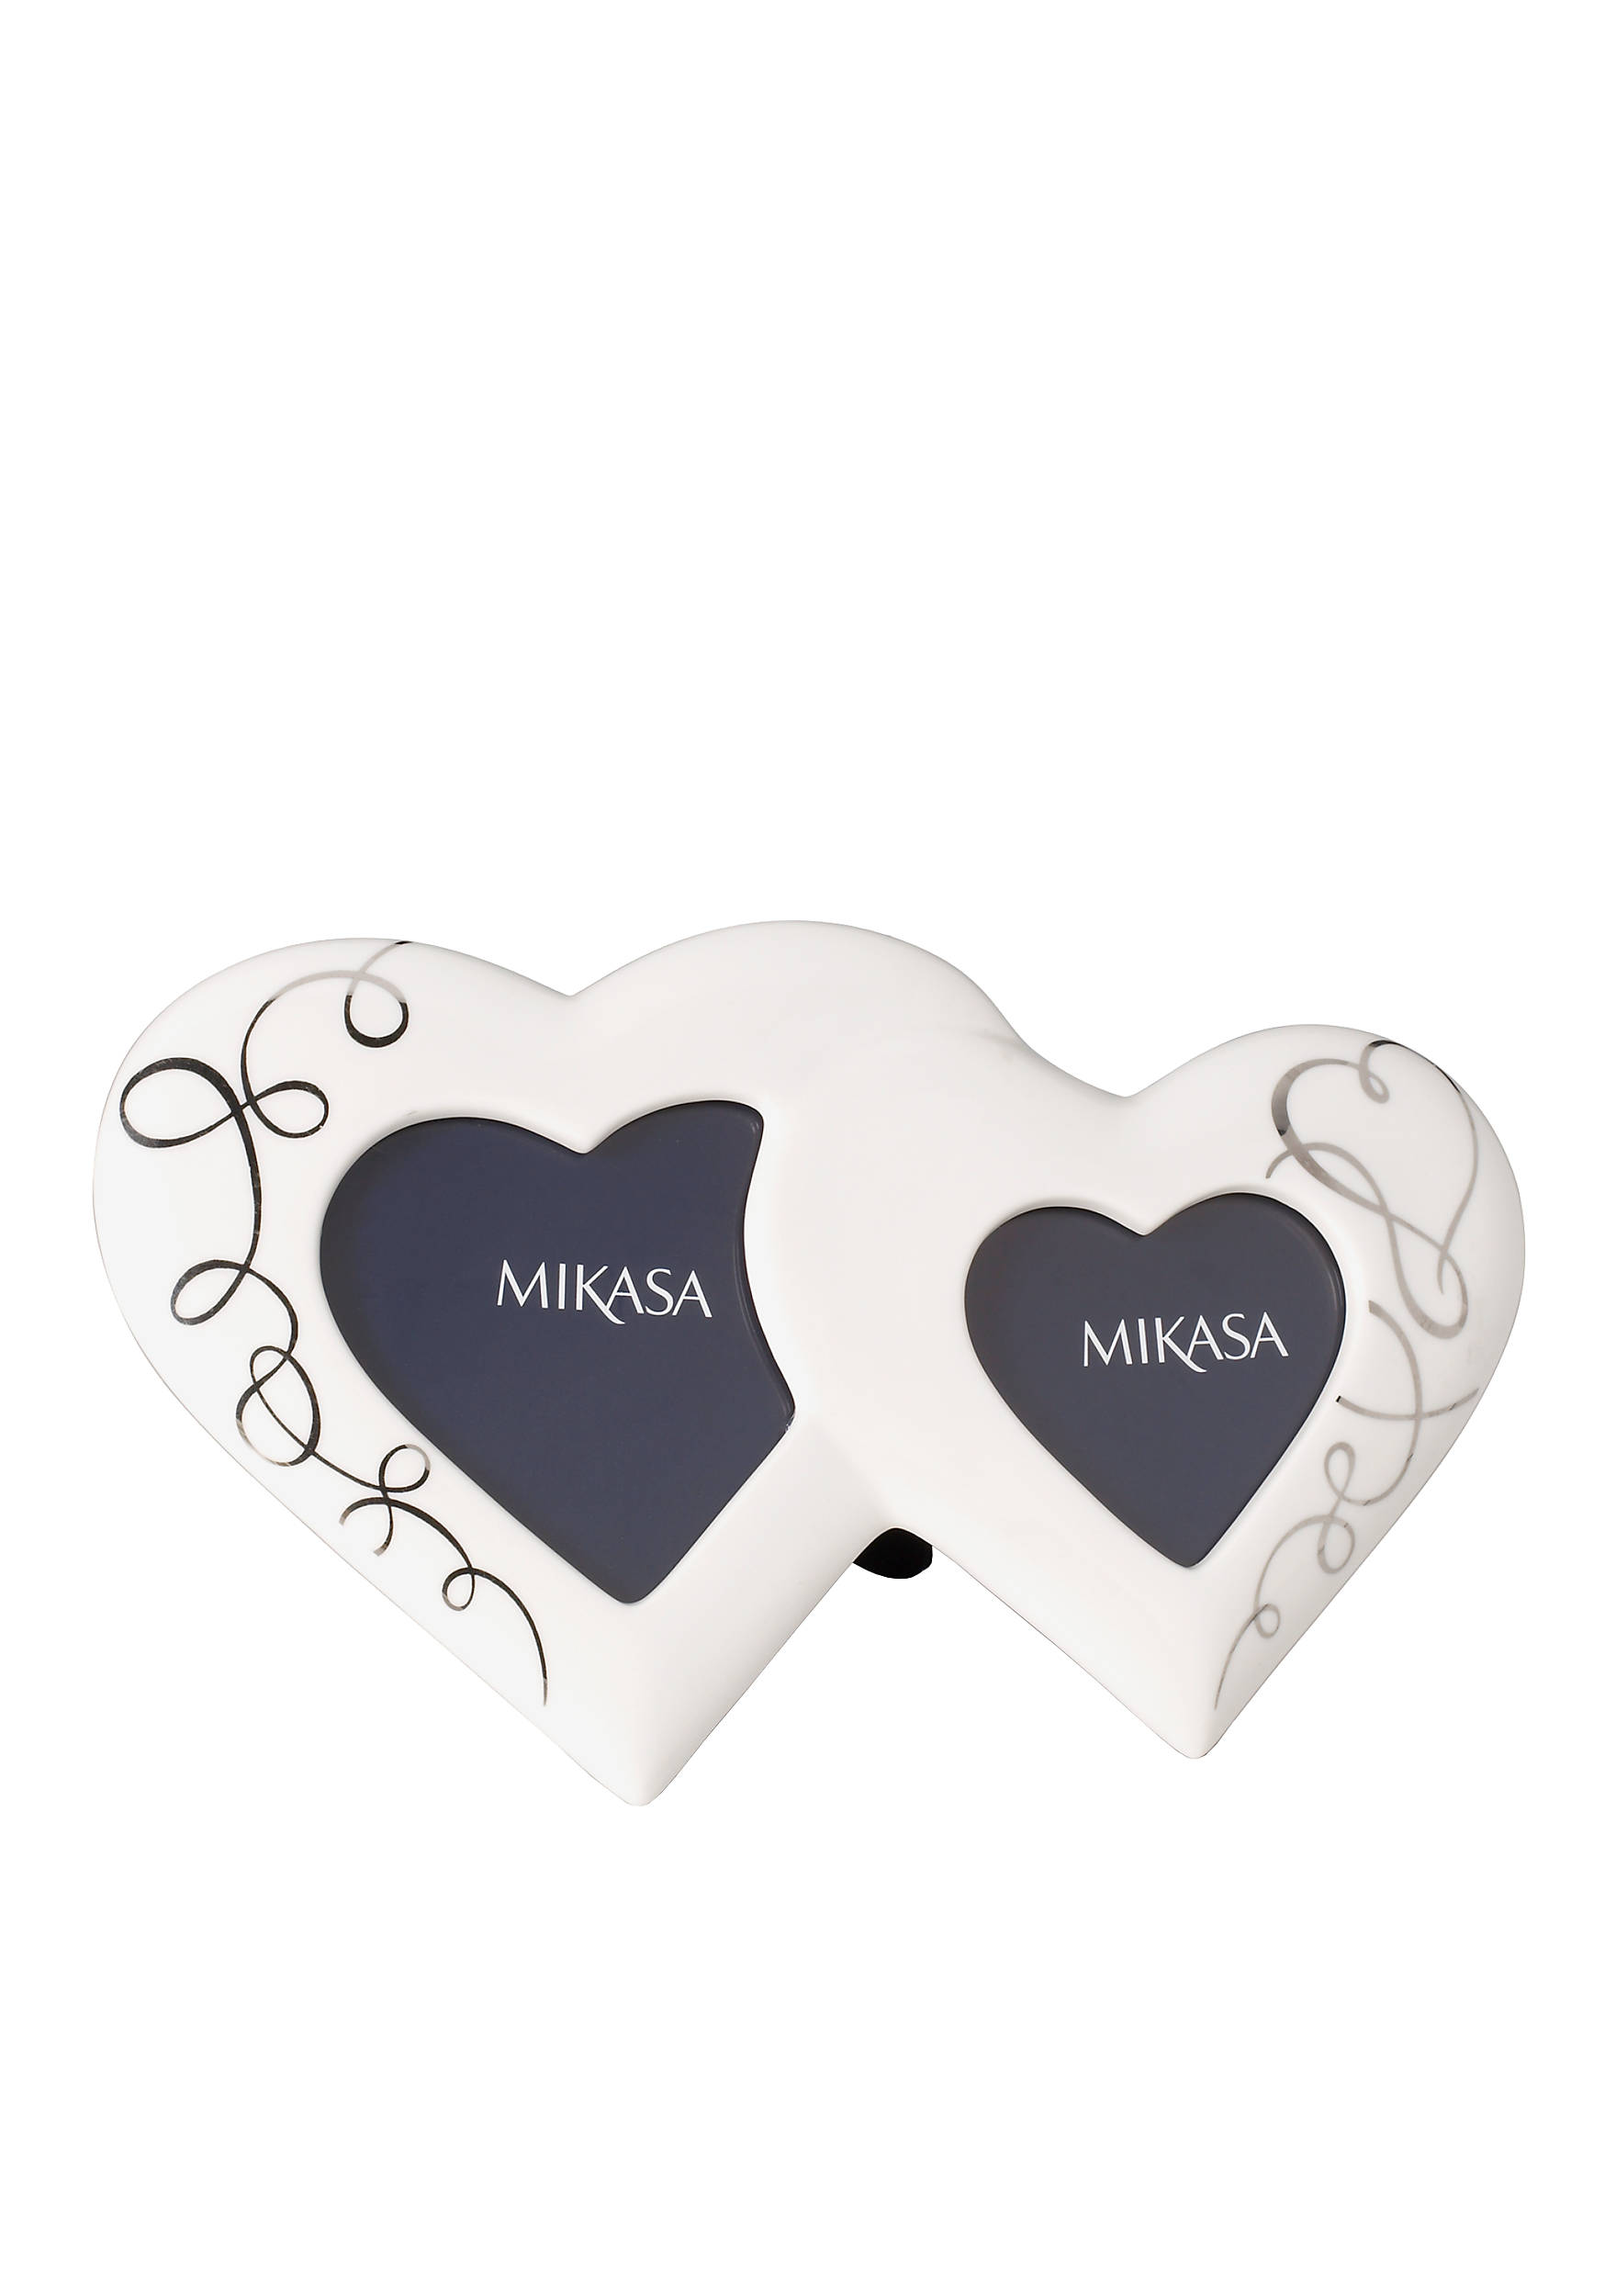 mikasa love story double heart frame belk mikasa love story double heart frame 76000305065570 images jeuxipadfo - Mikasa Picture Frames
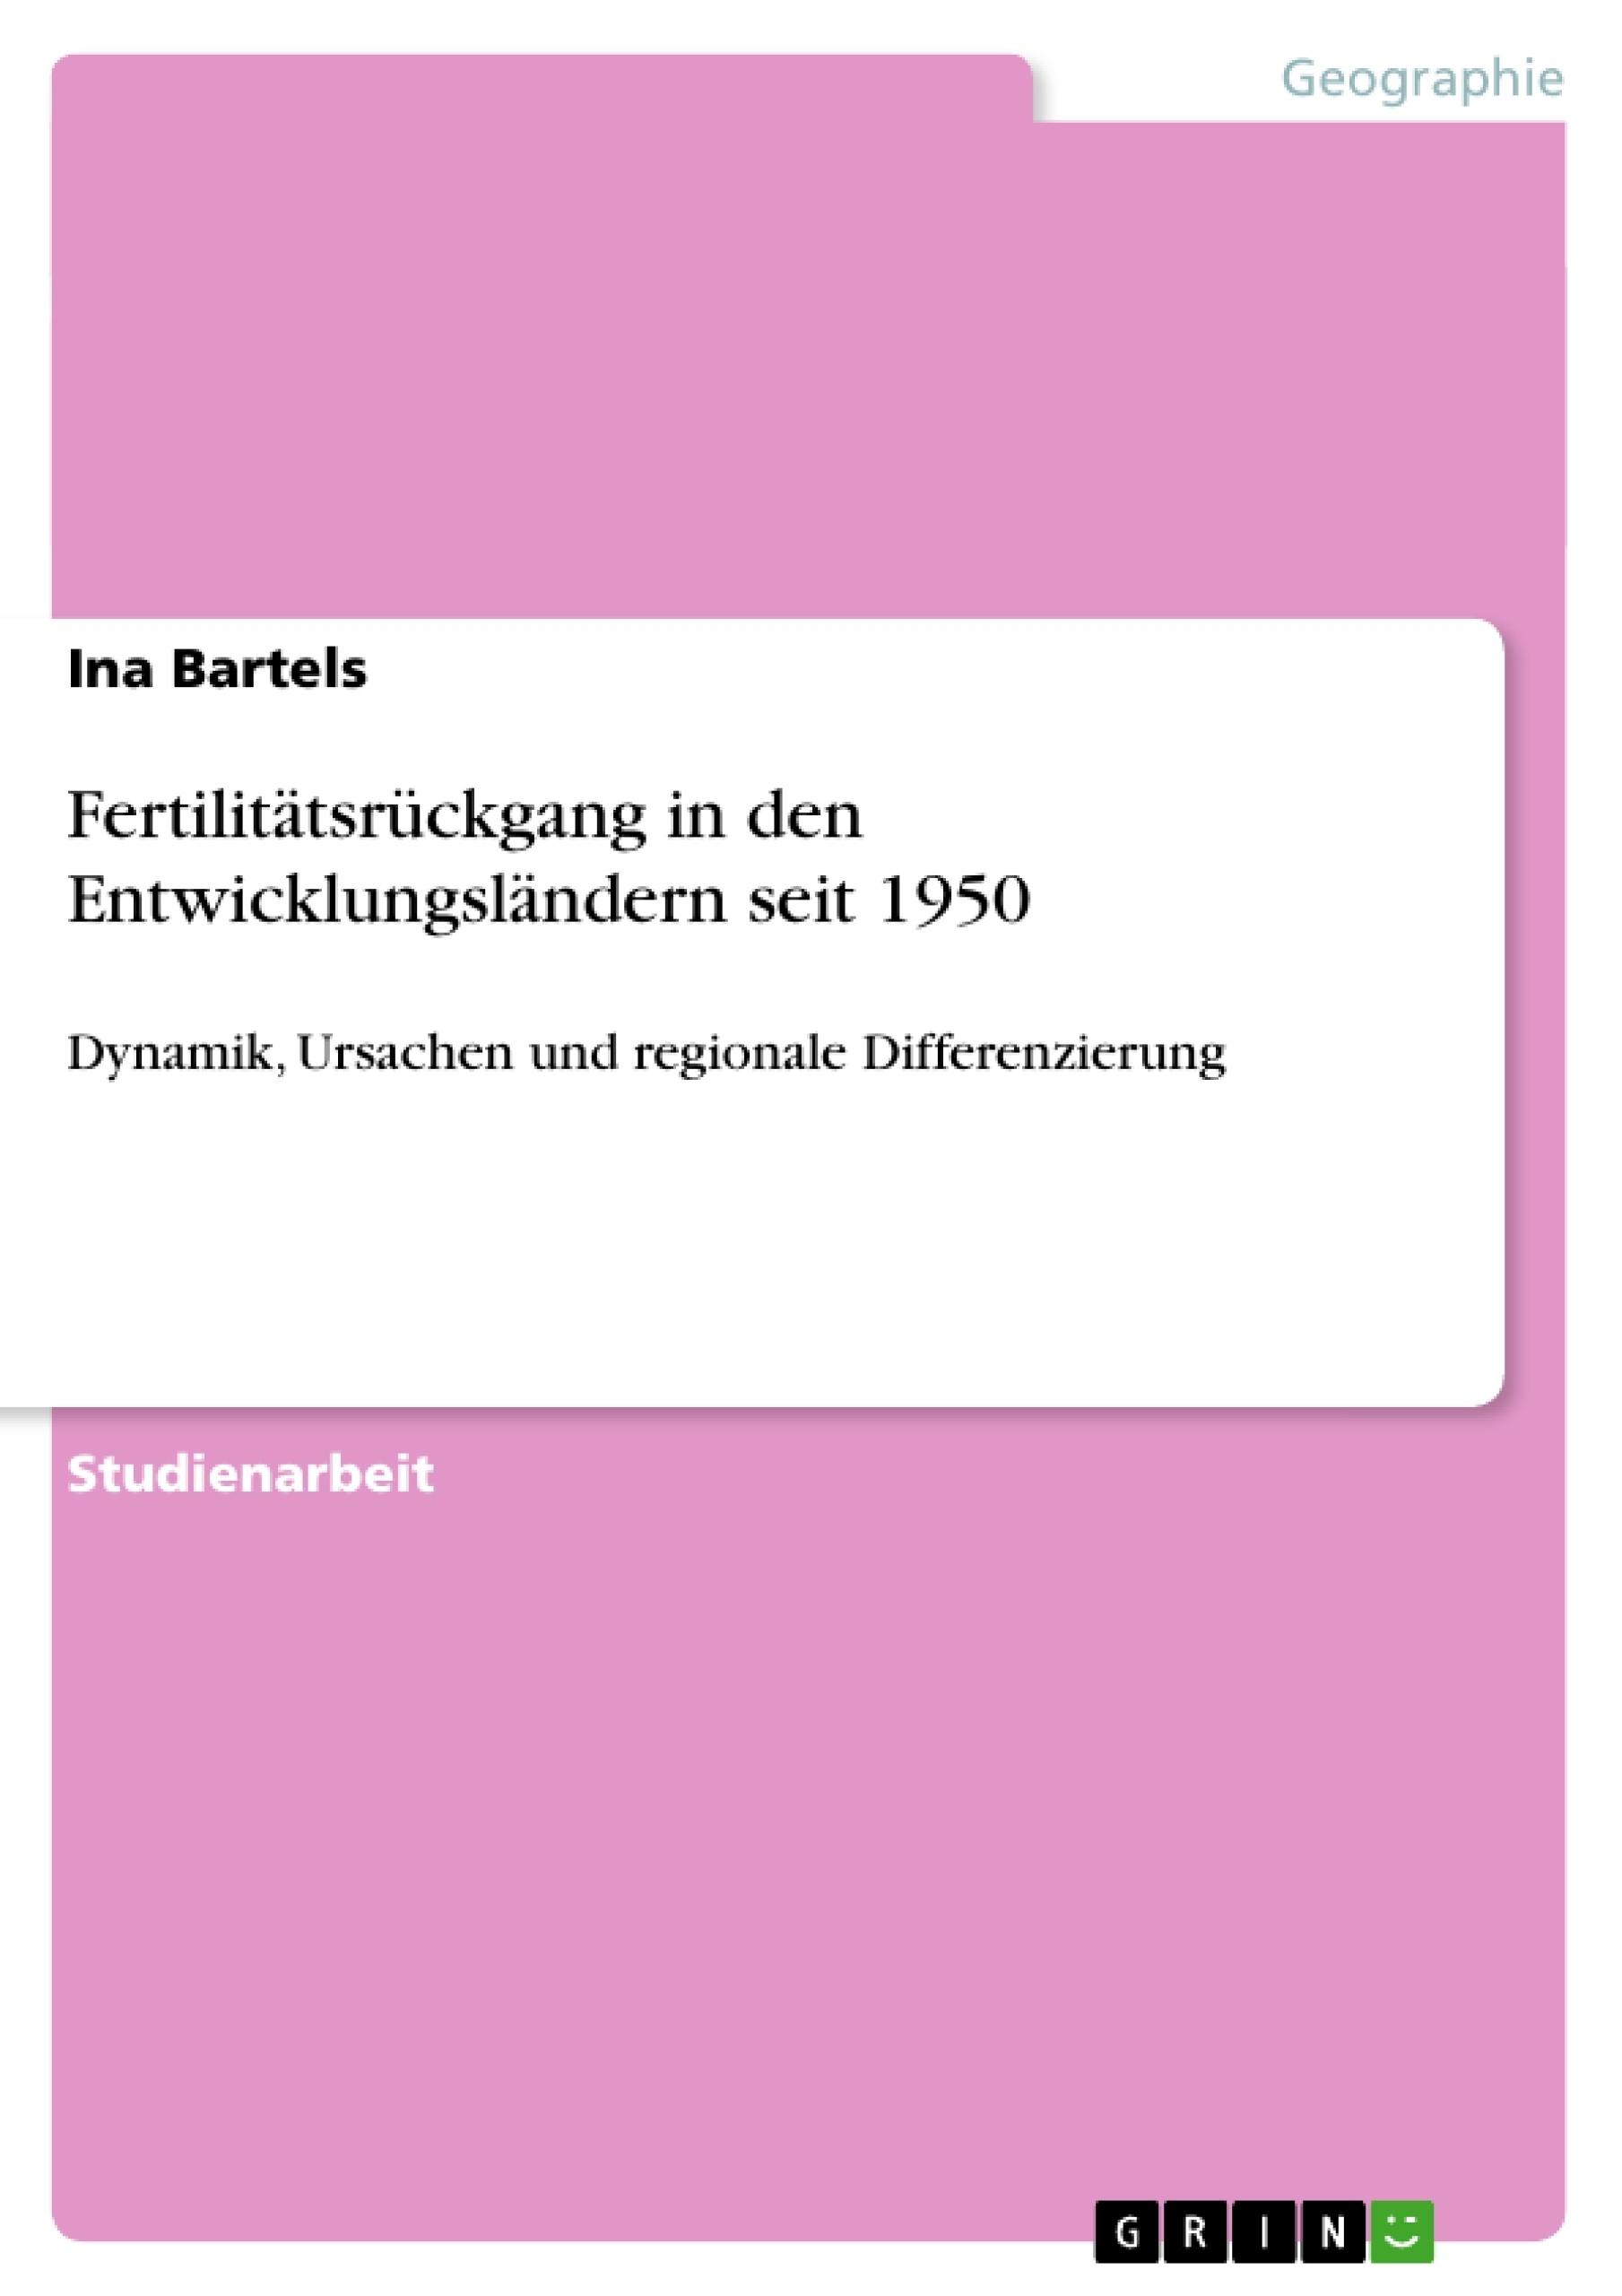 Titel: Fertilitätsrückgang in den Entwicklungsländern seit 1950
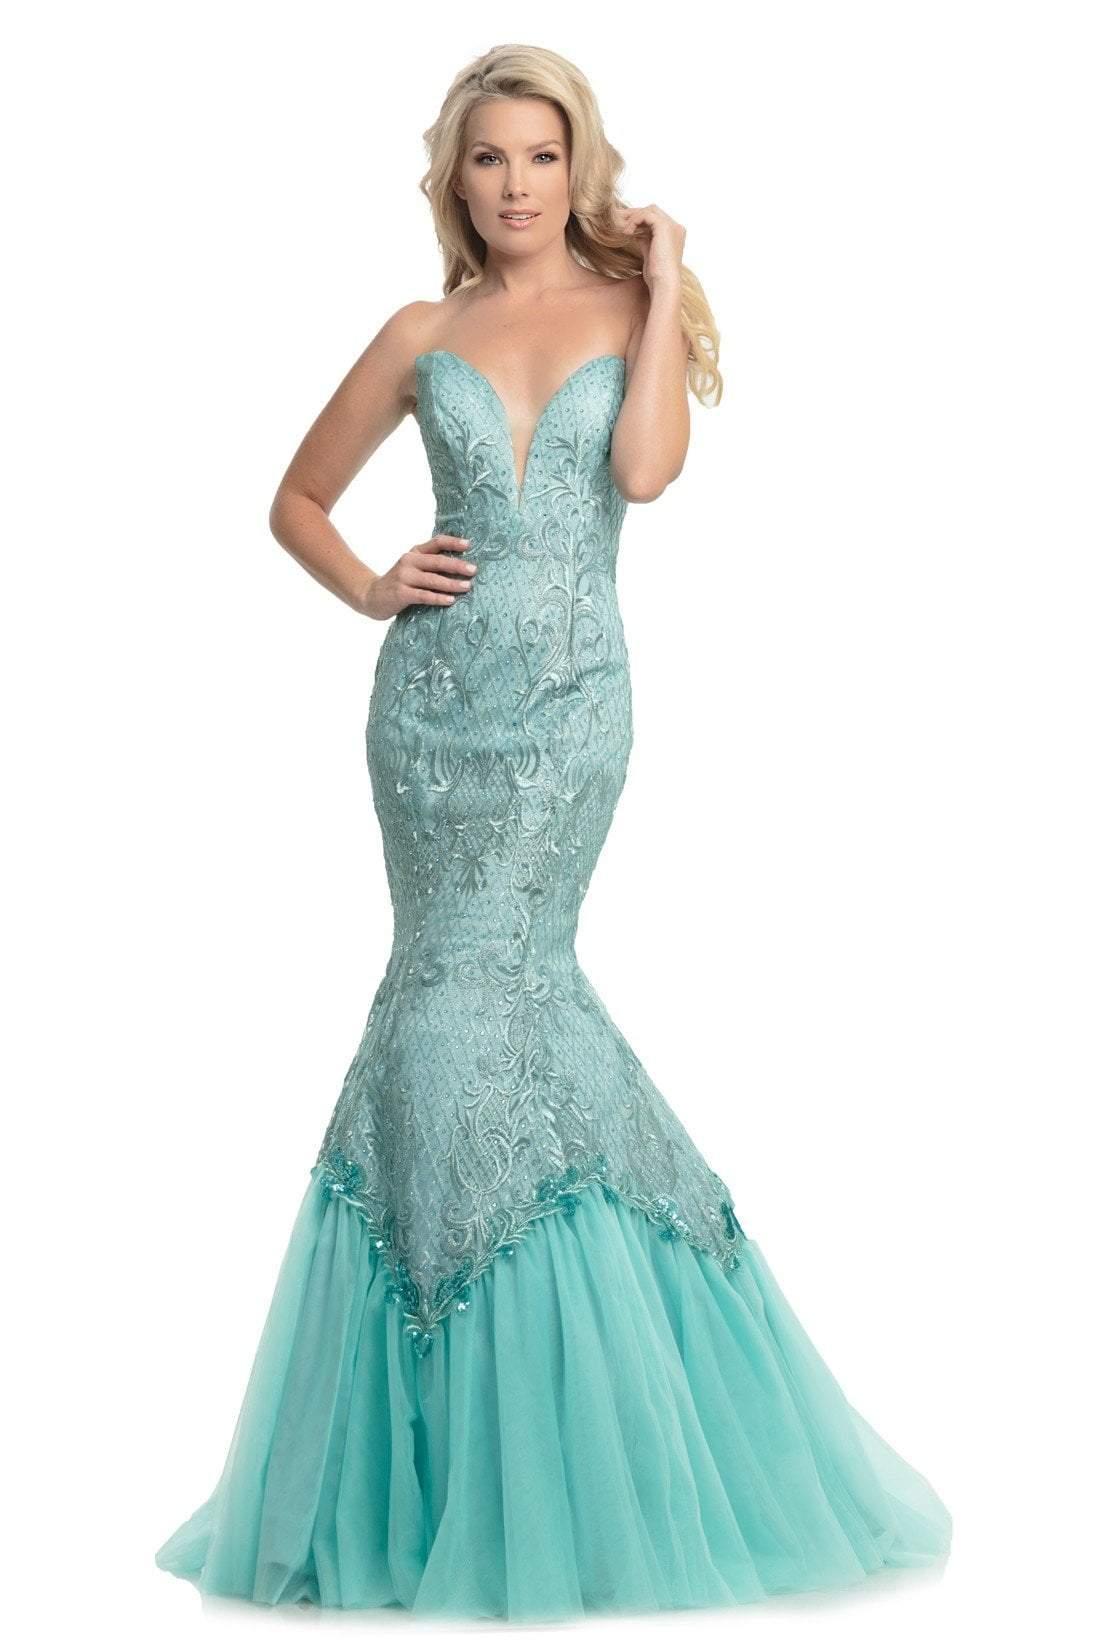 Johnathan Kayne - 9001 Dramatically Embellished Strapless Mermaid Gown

****************

→ **TASK STATEMENT**:
Transcribe exactly the line containing "Titel: Fertilitätsrückgang in" and every line after it through the end of the listing above; pictures are not part of the copy.

→ **EXERCISE RESULT**:
 Titel: Fertilitätsrückgang in den Entwicklungsländern seit 1950
 Johnathan Kayne - 9001 Dramatically Embellished Strapless Mermaid Gown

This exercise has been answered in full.